Running your first TLS retrieval

Now that you have properly installed stctm and run the test case, you are ready to run your first TLS retrieval!

You can fit any transmission spectrum (loaded into the code as a TransSpec object) assuming any variations from a straight line are due to the transit light source effect. In its current configuration, you can fit the contributions of spots and/or faculae, varying or fixing the temperatures of the heterogeneity components, as well as fit the surface gravity used for the photosphere and/or heterogeneity models. The code has the flexibility to handle Gaussian priors on any fitted parameter as well as linear or log-uniform priors on the heterogeneity covering fractions.
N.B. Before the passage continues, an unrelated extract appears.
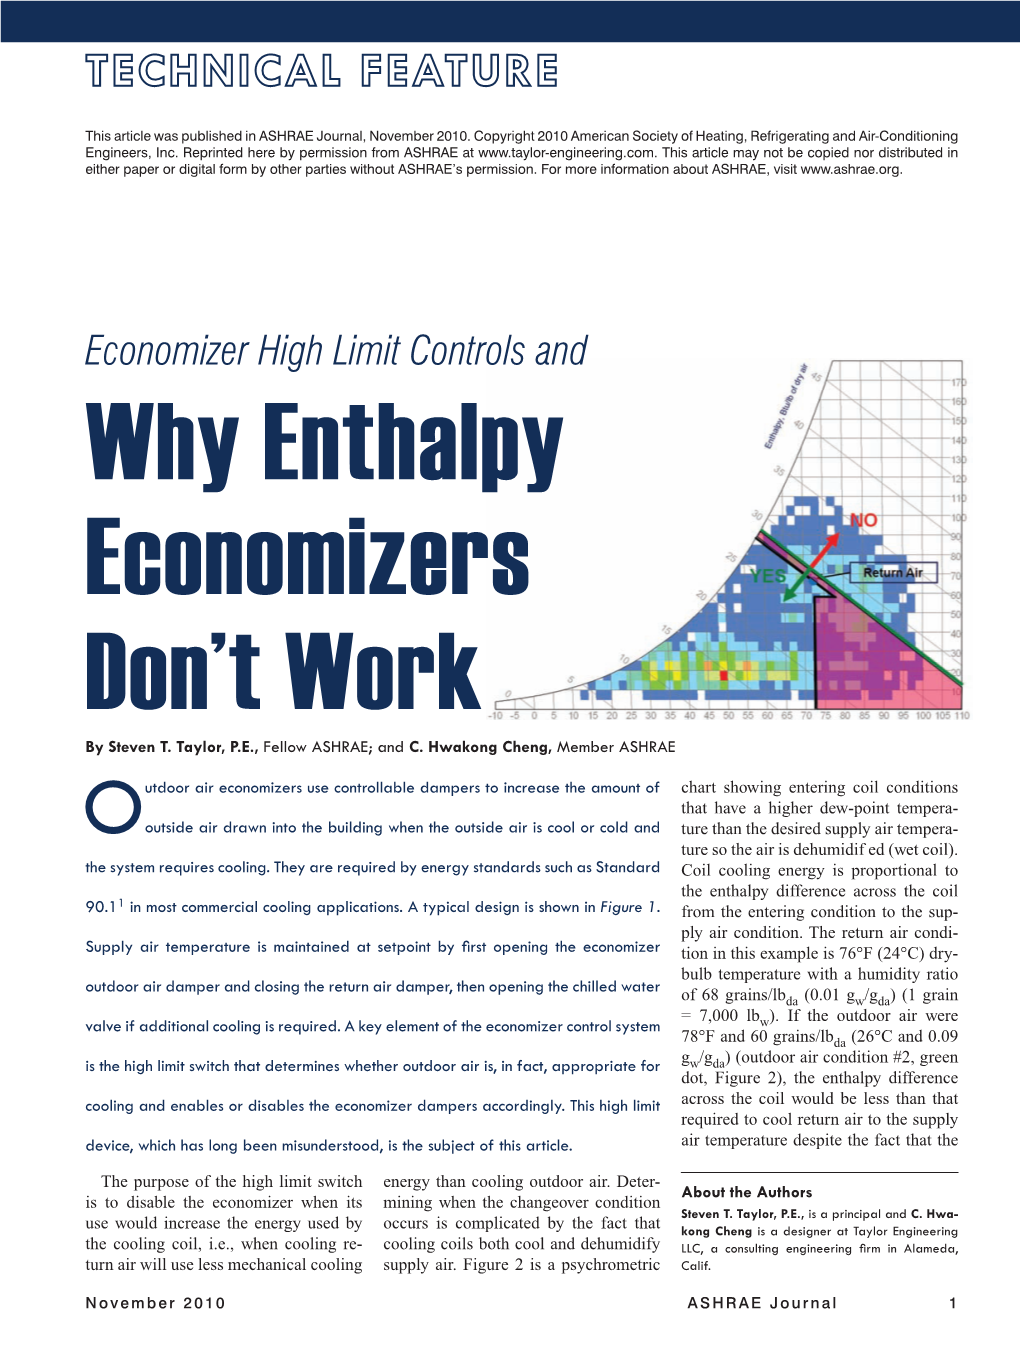 Why Enthalpy Economizers Don't Work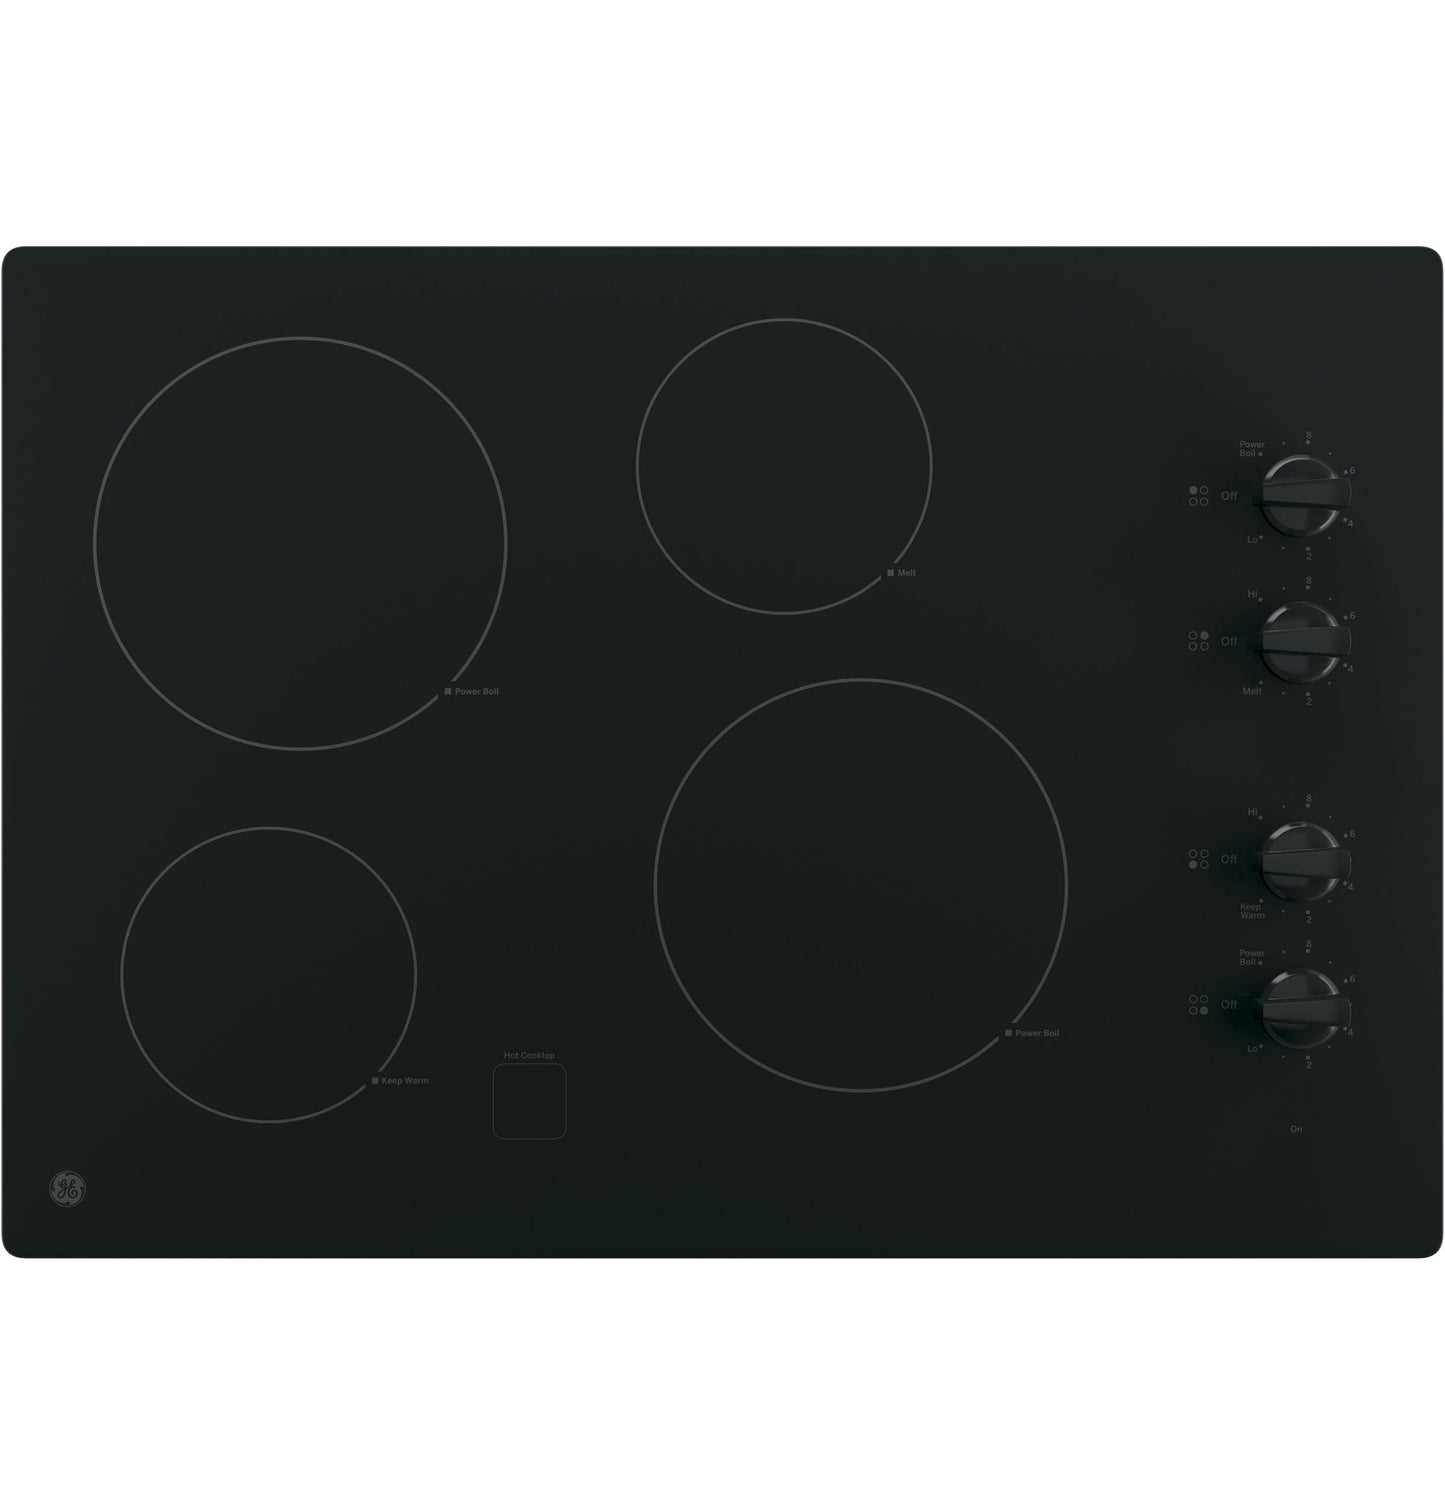 GE JP3030DJBB 30 Inch Smoothtop Electric Cooktop with 4 Radiant Elements, Knob Controls, Keep Warm Melt Setting, Black

You obtain a range of outputs including posterior samples (parameters, spectra), run statistics for model comparison, and publication-ready plots.

I will walk you through how to set up your .toml file from the example file provided in order to fit any of your needs, how to run the retrieval, and what to expect in terms of baseline outputs (that can be used for later post-processing).

The data

The example dataset provided under example/observations/ for stctm is a transmission spectrum of TRAPPIST-1 b (visit 1 from Lim et al., 2023 where I ran stctm) observed with JWST NIRISS/SOSS. The units in that file are millimeters for the wavelength (hence the choice of wavemm for spec_format, to convert mm to the microns unit used throughout stctm), and ppm for the transit depth.

Your data file will have to be readable by one of the options in stctm/pytransspec.py.

The best way to proceed is to copy a code block in the __init__ function in stctm/pytransspec.py:

elif inputtype=='wavemm':
    table=Table.read(inputpath,format='ascii.ecsv',header_start=header_start)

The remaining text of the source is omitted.